1	"the longitude is %{[geoip][location][0]}"

条件判断(condition)

Logstash从 1.3.0 版开始支持条件判断和表达式。

表达式支持下面这些操作符：

equality, etc: ==, !=, <, >, <=, >=
regexp: =~~, !~~
inclusion: in, not in
boolean: and, or, nand, xor
unary: !()

通常来说，你都会在表达式里用到字段引用。比如：

if "_grokparsefailure" not in [tags] {
} else if [status] !~ /^2\d\d/ and [url] == "/noc.gif" {
} else {
}

命令行参数

Logstash 提供了一个 shell 脚本叫 logstash 方便快速运行。它支持以下参数：

-e

意即执行。我们在 “Hello World” 的时候已经用过这个参数了。事实上你可以不写任何具体配置，直接运行 bin/logstash -e '' 达到相同效果。这个参数的默认值是下面这样：

input {
    stdin { }
}
output {
    stdout { }
}

–config 或 -f

意即文件。真实运用中，我们会写很长的配置，甚至可能超过 shell 所能支持的 1024 个字符长度。所以我们必把配置固化到文件里，然后通过 bin/logstash -f agent.conf 这样的形式来运行。
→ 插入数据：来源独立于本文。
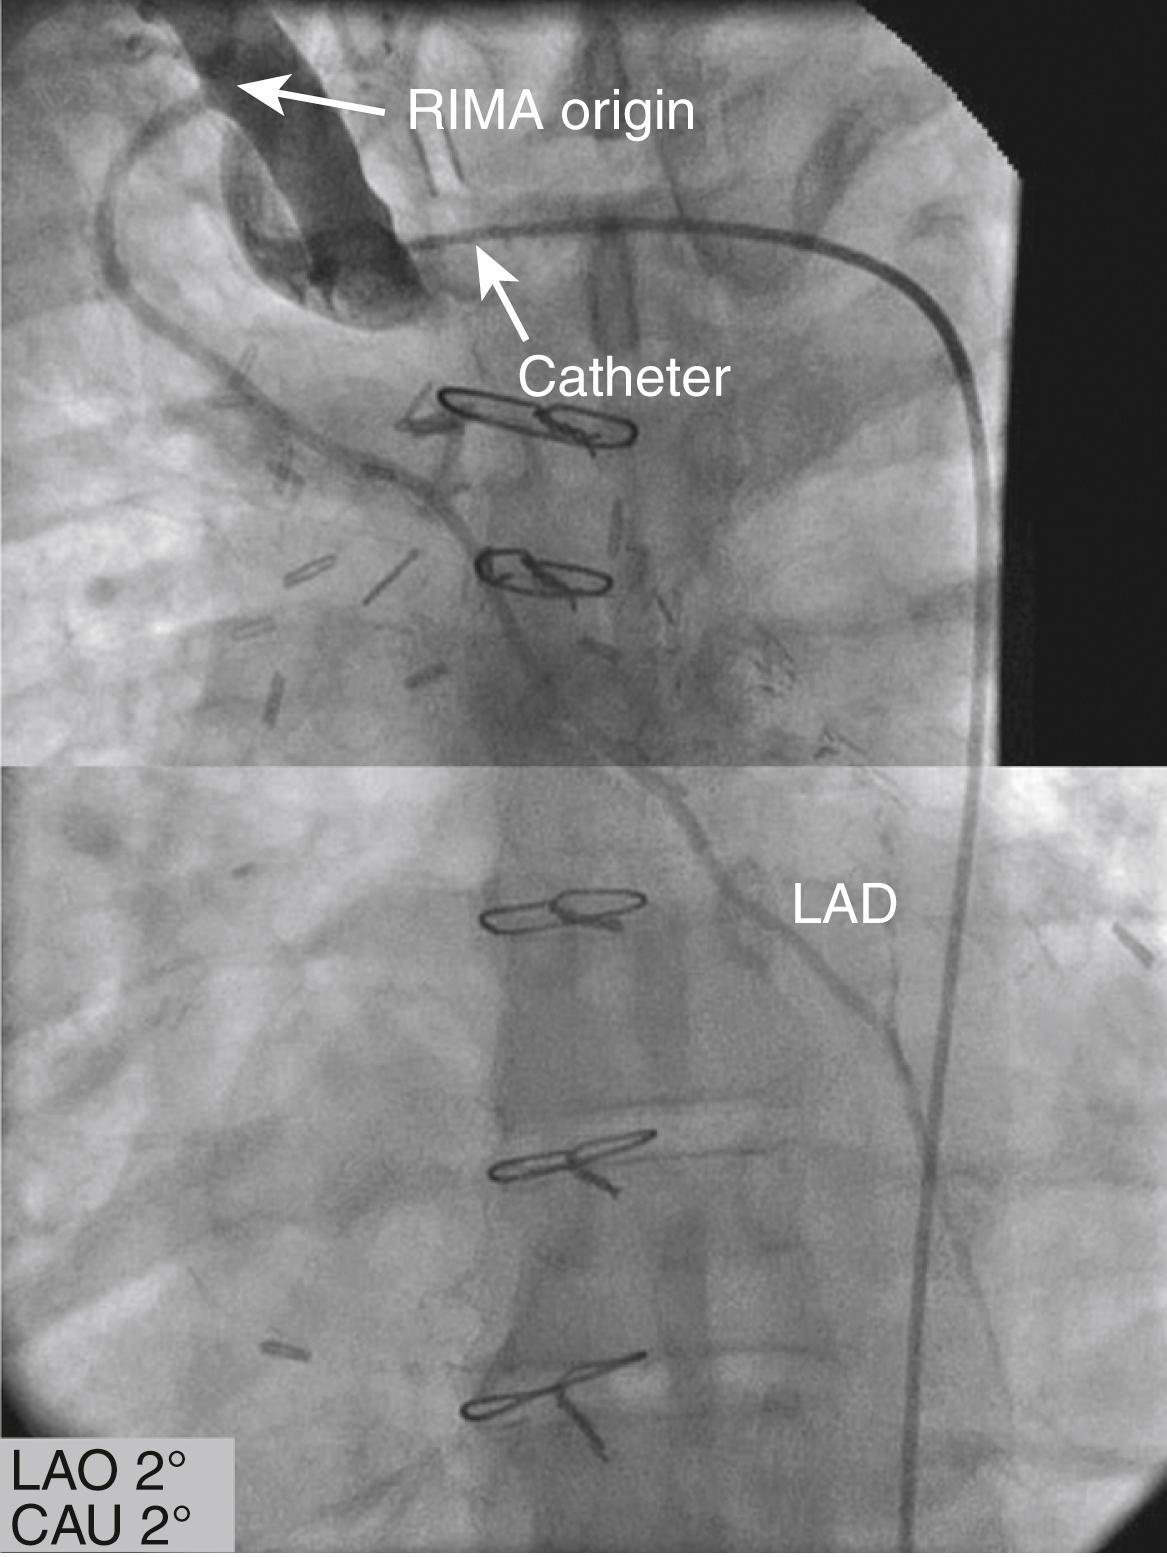 EFIGURE 21.4, Nonselective cannulation of the right internal mammary artery ( RIMA ) anastomosed to the left anterior descending artery ( LAD ). CAU, Caudal; LAO, left anterior oblique.

此外，logstash 还提供一个方便我们规划和书写配置的小功能。你可以直接用 bin/logstash -f /etc/logstash.d/ 来运行。logstash 会自动读取 /etc/logstash.d/ 目录下所有的文本文件，然后在自己内存里拼接成一个完整的大配置文件，再去执行。

–configtest 或 -t

意即测试。用来测试 Logstash 读取到的配置文件语法是否能正常解析。Logstash 配置语法是用 grammar.treetop 定义的。尤其是使用了上一条提到的读取目录方式的读者，尤其要提前测试。

–log 或 -l

意即日志。Logstash 默认输出日志到标准错误。生产环境下你可以通过 bin/logstash -l logs/logstash.log 命令来统一存储日志。

–filterworkers 或 -w

意即工作线程。Logstash 会运行多个线程。你可以用 bin/logstash -w 5 这样的方式强制 Logstash 为过滤插件运行 5 个线程。

注意：Logstash目前还不支持输入插件的多线程。而输出插件的多线程需要在配置内部设置，这个命令行参数只是用来设置过滤插件的！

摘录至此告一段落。